The reason why we set different thresholds of signal representation errors is that there have been many different types of bearing faults, and we cannot obtain enough dictionaries by training to describe all the possible bearing states. For some signal which is not in any one of the known states, if we decompose this signal on all the known dictionaries ( $D_{0}$ , $D_{1}$ , $D_{2}$ , …, $D_{n}$ ), then we can consequentially find the minimum value in all the corresponding signal representation errors ( $δ_{0}$ , $δ_{1}$ , $δ_{2}$ , …, $δ_{n}$ ). If we do not restrict this value and determine the bearing state according to this value directly, then the signal state must be judged as the one of the n + 1 known states (the normal state, fault state 1, fault state 2, …, and fault state n). However, according to the foregoing assumption, this signal does not belong to any one of the above-described states, which will result in a misjudgment to the type of the bearing fault. Therefore, we introduce the thresholds ( $τ_{0}$ , $τ_{1}$ , $τ_{2}$ , …, $τ_{n}$ ) of the signal representation errors to restrict the minimum value, that is, the bearing state can be determined only when both of the following conditions are satisfied:

The error $δ$ is the smallest one of all the signal representation errors;

The error $δ$ should not be greater than the corresponding threshold of the signal representation errors.

As can be seen from the fault diagnosing process, the proposed method is mainly affected by the following factors: the principle to determine the fault state, the signal reconstruction algorithm, and the compressed sampling way. The signal reconstruction algorithm is used to solve the expansion coefficient vector $\tilde{c}$ , and the MP algorithm will be used in this article. Accordingly, the main parameters which affect the fault diagnosing results include the threshold of the signal representation error, the sparsity set in MP algorithm, the amount (M) of the compressed measurements, and the type of the observation matrix $Φ$ . In the next section, the impacts of these parameters on the bearing fault diagnosis will be analyzed.

Experimental test

The proposed fault diagnosing method is validated using the vibration signals from the 6205-2RS JEK SKF deep groove ball bearings (data sources are from Case Western Reserve University Bearing Data Center Website,³⁰ and the signal sampling frequency is 12K). The data used in our tests can be divided into two types: the training samples used in dictionary learning and the test samples used for the validation of the proposed method. The signals sampled in a traditional way should be high-dimensional. For dictionary learning, the high-dimensional samples can be used directly.
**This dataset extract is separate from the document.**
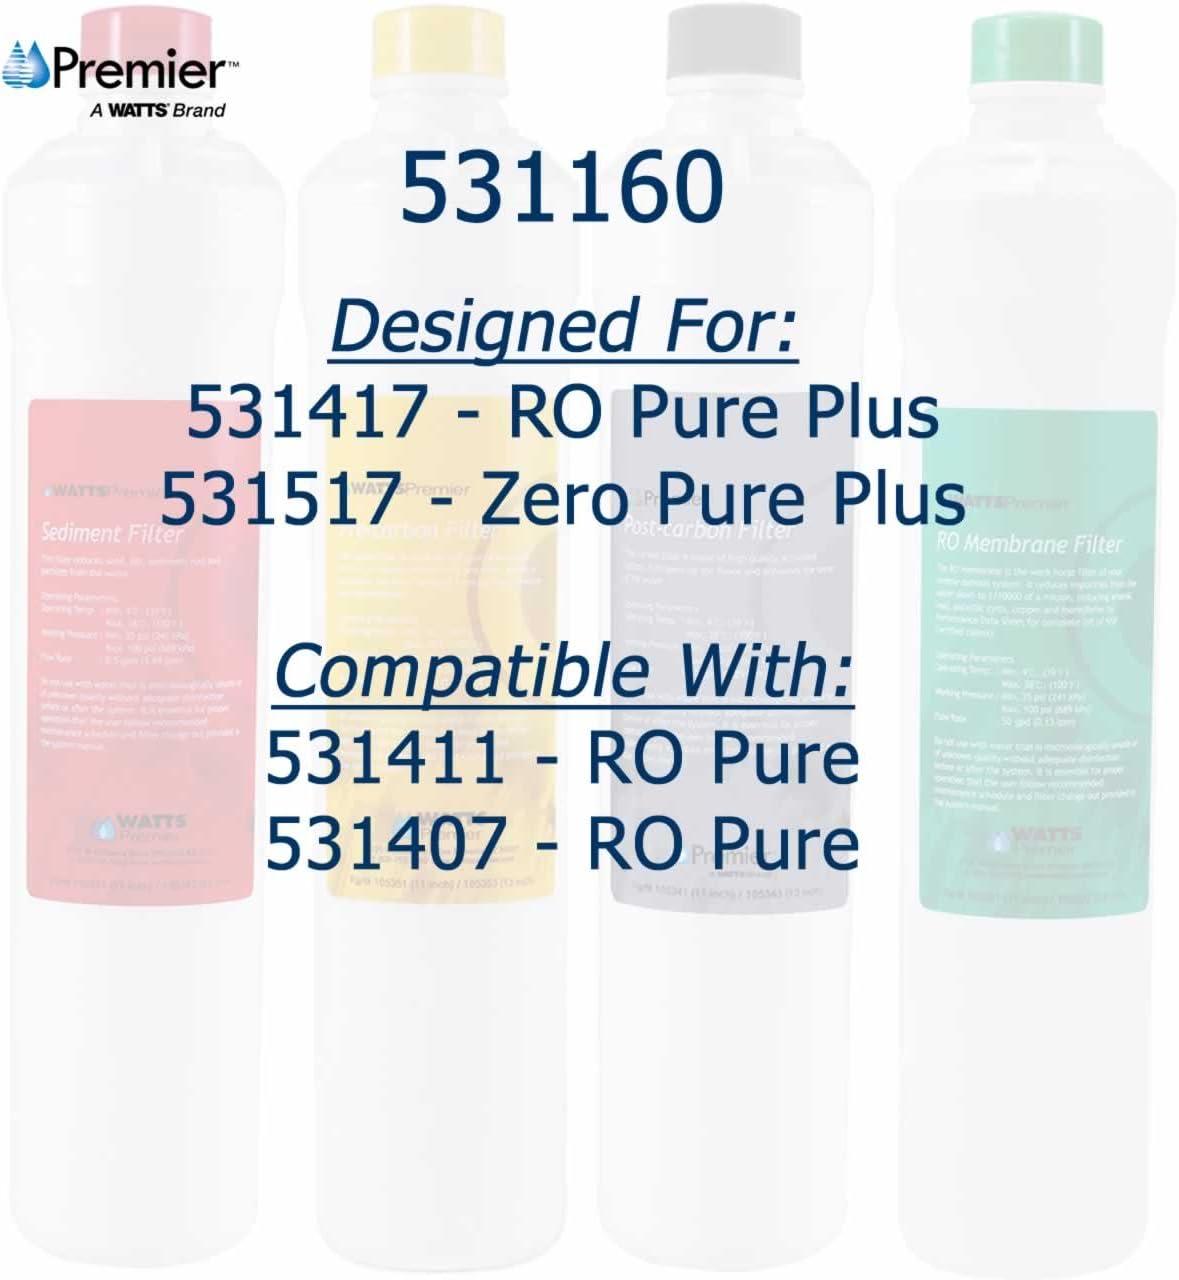 Watts Premier 531160 RO Pure Plus 4 Pack Filter Kit

While the test samples should be low-dimensional, in our tests, they will be obtained by simulating the compressed sampling. Defining $Φ \in R^{M \times N}$ as the observation matrix, then each high-dimensional signal has N data points, and each low-dimensional signal has M data points. In our tests, we set N as 512.

The training samples can be divided into four categories: normal state samples, inner ring fault samples, outer ring fault samples, and rolling element fault samples. Each type of the samples contains 20,480 signals, which can be also divided into four groups, and each group contains 5120 signals according to different motor speeds and loads. The training samples are shown in Table 1.

Table 1.

Training samples.

State of signal	Parameters		Number of signals
State of signal	Motor load (hp)	Motor speed (r/min)	Number of signals
Normal state	0	1797	5120
	1	1772	5120
	2	1750	5120
	3	1730	5120
Inner ring fault	0	1797	5120
	1	1772	5120
	2	1750	5120
	3	1730	5120
Outer ring fault	0	1797	5120
	1	1772	5120
	2	1750	5120
	3	1730	5120
Rolling element fault	0	1797	5120
	1	1772	5120
	2	1750	5120
	3	1730	5120

Then, the over-complete dictionaries ( $D_{normal}$ , $D_{inner}$ , $D_{outer}$ , and $D_{ball}$ ) corresponding to the normal state, inner ring fault, outer ring fault, and rolling element fault can be trained, respectively, by K-SVD dictionary learning method using the above training samples. The parameters in dictionary learning are set as follows: the quantity of atoms is set to 1024, the sparsity is set to 10, the number of loops is set to 20, and the initial dictionary is selected from the training samples.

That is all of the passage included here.